**Source information**

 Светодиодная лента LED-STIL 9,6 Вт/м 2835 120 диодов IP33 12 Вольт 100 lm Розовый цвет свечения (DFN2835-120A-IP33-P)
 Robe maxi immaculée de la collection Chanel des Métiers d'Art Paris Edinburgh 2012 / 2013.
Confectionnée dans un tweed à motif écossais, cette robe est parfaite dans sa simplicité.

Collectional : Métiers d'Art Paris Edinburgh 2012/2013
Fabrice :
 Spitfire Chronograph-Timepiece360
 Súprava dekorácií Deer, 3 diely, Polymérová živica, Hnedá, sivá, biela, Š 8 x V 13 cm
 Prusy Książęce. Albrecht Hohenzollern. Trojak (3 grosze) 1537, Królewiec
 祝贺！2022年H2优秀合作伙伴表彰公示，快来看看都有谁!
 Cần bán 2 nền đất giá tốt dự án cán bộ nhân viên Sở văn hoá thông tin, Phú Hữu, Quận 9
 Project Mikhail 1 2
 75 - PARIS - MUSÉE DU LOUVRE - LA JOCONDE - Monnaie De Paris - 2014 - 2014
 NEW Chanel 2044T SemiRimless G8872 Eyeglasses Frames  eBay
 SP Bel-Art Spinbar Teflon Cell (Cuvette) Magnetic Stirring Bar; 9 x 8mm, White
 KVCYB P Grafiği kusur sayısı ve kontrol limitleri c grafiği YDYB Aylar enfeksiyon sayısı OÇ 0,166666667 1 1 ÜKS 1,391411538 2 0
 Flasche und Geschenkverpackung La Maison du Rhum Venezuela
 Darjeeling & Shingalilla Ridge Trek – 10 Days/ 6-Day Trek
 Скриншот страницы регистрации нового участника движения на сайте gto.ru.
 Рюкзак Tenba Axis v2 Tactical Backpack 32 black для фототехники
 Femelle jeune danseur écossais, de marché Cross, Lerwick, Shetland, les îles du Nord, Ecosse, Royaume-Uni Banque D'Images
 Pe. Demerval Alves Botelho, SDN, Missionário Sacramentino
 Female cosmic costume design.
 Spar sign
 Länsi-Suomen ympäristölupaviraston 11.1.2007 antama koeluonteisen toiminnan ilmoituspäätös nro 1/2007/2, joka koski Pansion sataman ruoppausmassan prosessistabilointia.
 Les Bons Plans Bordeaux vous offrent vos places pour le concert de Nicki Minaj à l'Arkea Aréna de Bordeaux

**Exercise aim**
Only a number is wanted here: how many lines of the records above include the string "Chanel"?

**Answer for this exercise**
2